I have a UDF that returns a tuple object:
stringSchema = StructType([ StructField("fixedRoute", StringType(), False), StructField("accuracy", IntegerType(), False)]) def stringClassifier(x,y,z): ... do some code return (value1,value2) stringClassifier_udf = udf(stringClassifier, stringSchema)
I use it in a dataframe like this:
df = df.select(['route', 'routestring', stringClassifier_udf(x,y,z).alias('newcol')])
This works fine. I later split that tuple into two distinct columns. The UDF however does some string matching and is somewhat slow as it collects to the driver and then filters through a 10k item list to match a string. (it does this for every row). I've been reading about pandas_udf and Apache Arrow and was curious if running this same function would be possible with pandas_udf... or if this would be help improve the performance..? I think my hangup is that the return value of the UDF is a tuple item... here is my attempt:
from pyspark.sql.functions import pandas_udf, PandasUDFType stringSchema = StructType([ StructField("fixedRoute", StringType(), False), StructField("accuracy", IntegerType(), False)]) @pandas_udf(stringSchema) def stringClassifier(x,y,z): ... do some code return (value1,value2)
Of course this is gives me errors and I've tried decorating the function with: @pandas_udf('list', PandasUDFType.SCALAR)
My errors looks like this:
NotImplementedError: Invalid returnType with scalar Pandas UDFs: StructType(List(StructField(fixedRoute,StringType,false),StructField(accuracy,IntegerType,false))) is not supported
Any idea if there is a way to make this work?
It looks like you are using a scalar pandas_udf type, which doesn't support returning structs currently. I believe the return type you want is an array of strings, which is supported, so this should work. Try this:
@pandas_udf("array<string>") def stringClassifier(x,y,z): # return a pandas series of a list of strings, that is same length as input - for example s = pd.Series([[u"a", u"b"]] * len(x)) return s
If you are using Python 2, make sure your strings are in unicode otherwise they might get interpreted as bytes.

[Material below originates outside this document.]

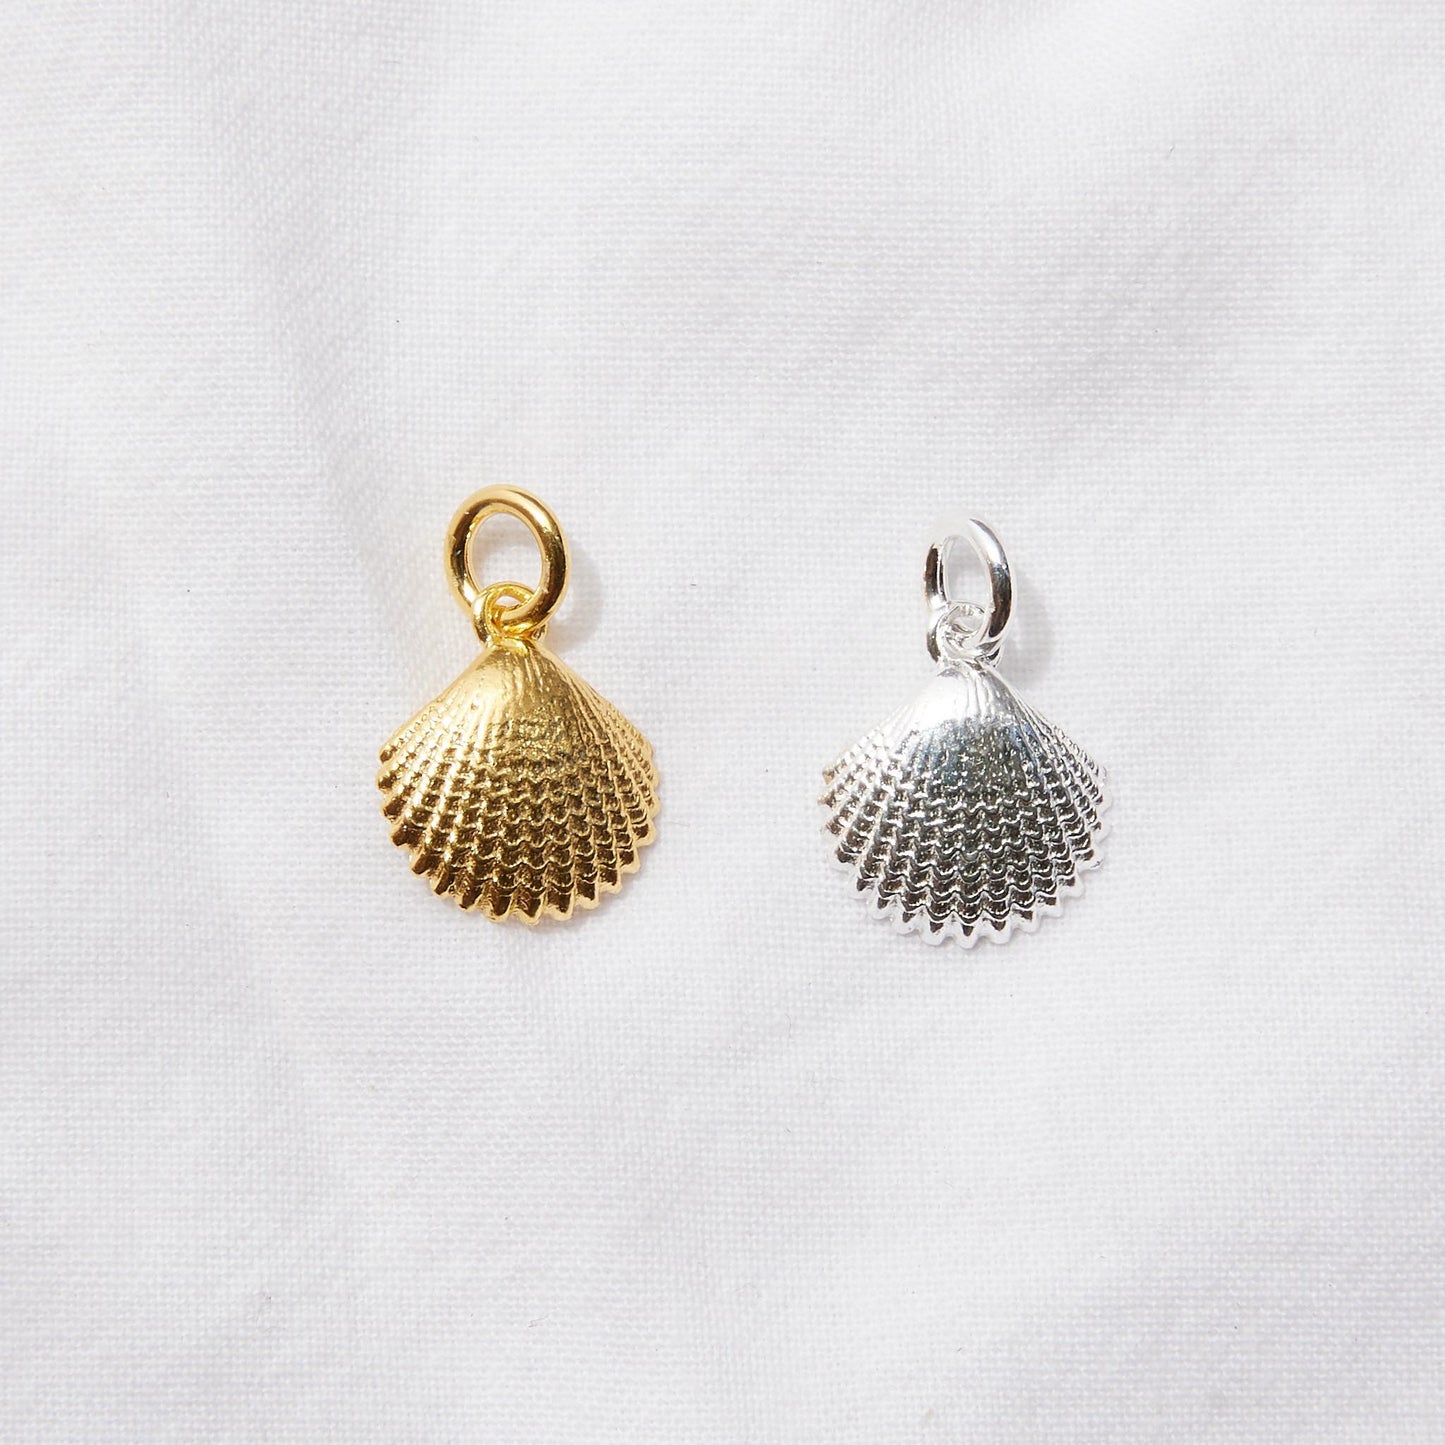 Seashell pendant

Hope that helps!
Hey Bryan thanks so much for taking the time! I think I'm almost there! The hint about the unicode issue helping me get past the first slew of errors. I seem to be running into a length one now however:
@pandas_udf("array<string>") def stringClassifier(lookupstring, first, last): lookupstring = lookupstring.to_string().encode("utf-8") first = first.to_string().encode("utf-8") last = last.to_string().encode("utf-8") #this part takes the 3 strings above and reaches out to another library to do a string match result = process.extract(lookupstring, lookup_list, limit=4000) match_list = [item for item in result if item.startswith(first) and item.endswith(last)] result2 = process.extractOne(lookupstring, match_list) if result2 is not None and result2 > 75: answer = pd.Series(list(result2)) return answer else: fail = ["N/A","0"] return pd.Series(fail)
RuntimeError: Result vector from pandas_udf was not the required length: expected 1, got 2
I'm initially passing three strings as variables to the function which then get passed to another library. The result is a tuple which I covert to a list then to a pandas Series object. I'm curious how I can make a 2 item array object a length of 1 ..? I'm obviously missing some basics here.